A Russian Legacy in Lingering Sleep
by
 Dilnora Azimova
in
Richmond

The late afternoon sun warms gravestones, which cast their long shadows on the wet ground after the spring rain.

A strong wind, northbound geese honking in the sky and running cars interrupt the tranquility of the Richmond cemetery, where Ukrainians and others from the former Soviet Union rest in peace. Its gray and marble stones depict
Orthodox Christian crosses and names of family members, who are buried next to each other.

"Here, is where most of the Russians are," says Kendall Merriam, a Richmond resident and writer, who is interested in the
Russian history and culture.

Merriam says people don't know how many people from the former Soviet Union live in Richmond, a small town of 3,100 people and located seventeen miles south of Augusta. Most of first wave immigrants, who fled to America and settled here before or after World War II died. Their children settled across the United States.

In the 1950's Richmond had in fact the largest rural Russian-speaking population in the United States. It consisted of about 500 Russians, Ukrainians and Belorussians. By now their numbers in the cemetery have soared, for many of them died. Russians voices on the
Kennebec River have been fading away since then.

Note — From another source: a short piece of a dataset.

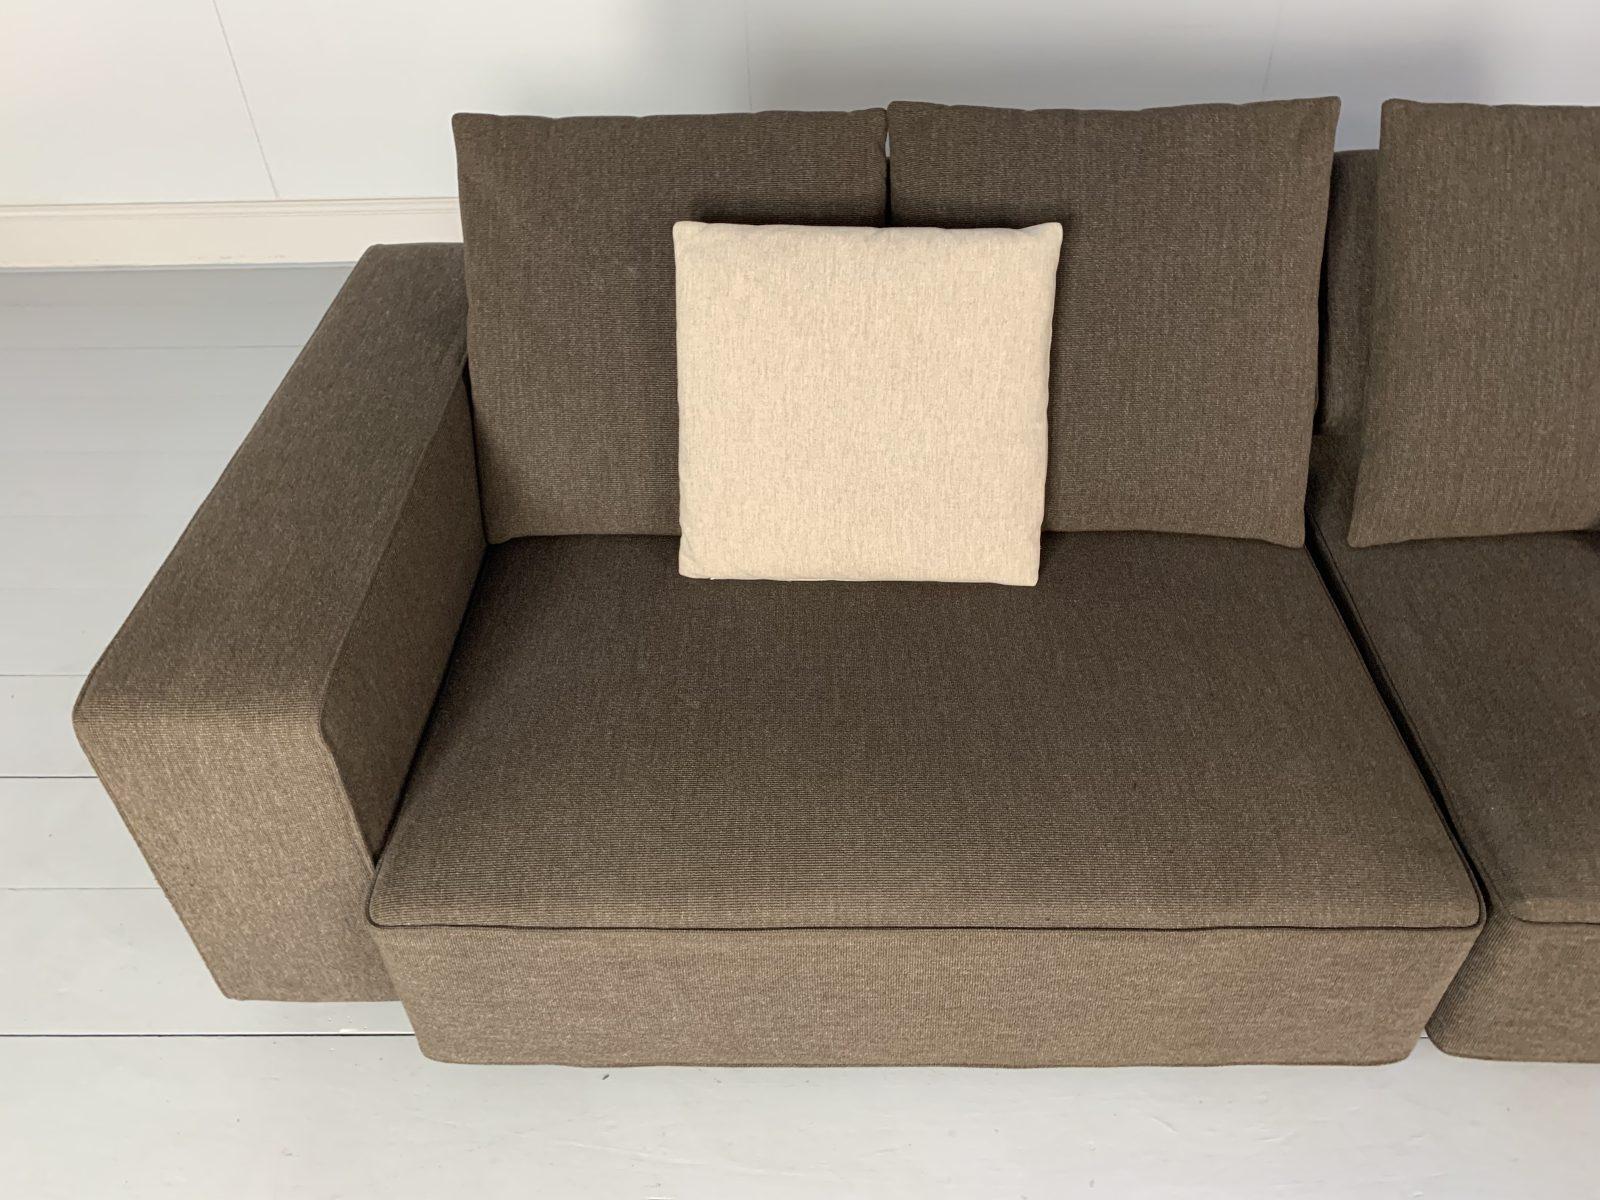 B&B Italia “Andy ’13” 2-Seat Sofa, in Dark-Brown Fabric In Good Condition For Sale In Barrowford, GB

Today there is little in Richmond showing evidence of the Russian culture. The Soviet immigrants, who are still alive, live in similar houses and eat similar food like their American neighbors.

In the 1950's Richmond had three Orthodox churches, and only two (a
Ukrainian and a Russian ) churches are still holding services now. Father Chad Williams, a priest at St. Alexander Nevsky Church says 22 Russians and converts come to services. When Father Williams came to the church in 1987, there were 75-80 Orthodox followers from the former Soviet Union. Since then he have had 65 funerals.

Those who are left do not want to go back to Russia. Some of them have visited Russia since the collapse of the Soviet Union, but economic conditions and death of many relatives in early war years make it difficult to connect them back to their homeland.

The Soviet Communist regime was a major threat to its own citizens. A swift nationalization across the country took away people's private properties. The poor economy after WW II forced many out of the country. Some people who were drafted during World War I or II and survive dthe war never returned to the Soviet Union, because they feared the Stalin administration would kill or send to work to Siberia. Instead, they went to America through Europe.

Some of the younger generation, who came to the United States with their parents, recall stories of their parents and relatives.

Oleg Winokurzew, a native of the Ukraine says his parents were taken by the Germans as prisoners of war. They went through the Second World War and German concentration camps before they met each other in Belgium. They did not stay longer there because "things were unsafe for him," says Winokurzew of his father. "He wanted to go to places where the war did not touch."

Because of fear to be sent to Siberia, his father, Anatol Winokurzew, took his family to South America. He later moved to the United States with help from the
Tolstoy Foundation, a Russian organization to help Soviet immigrants to come to America.

Vera Nikolaeva (who does not want to be identified by her real name) is an 83-year-old native of Belarus who was one of the first immigrants. After World War II she left the Soviet Union and came to the United States with her husband, who served in resistance, and a little daughter. They settled in Richmond in 1955.

Hand-knitted designs on her pillows, a Russian samovar in the kitchen and many Russian books on her shelves are only indicators of what was left from her culture. Nikolaeva has not changed much, she still considers herself Belorussian and reads novels by Lermontov at nights when she cannot sleep. In contrast, her 46-year-old daughter Nina is prefers to speak English, because she "has spoken it all her life."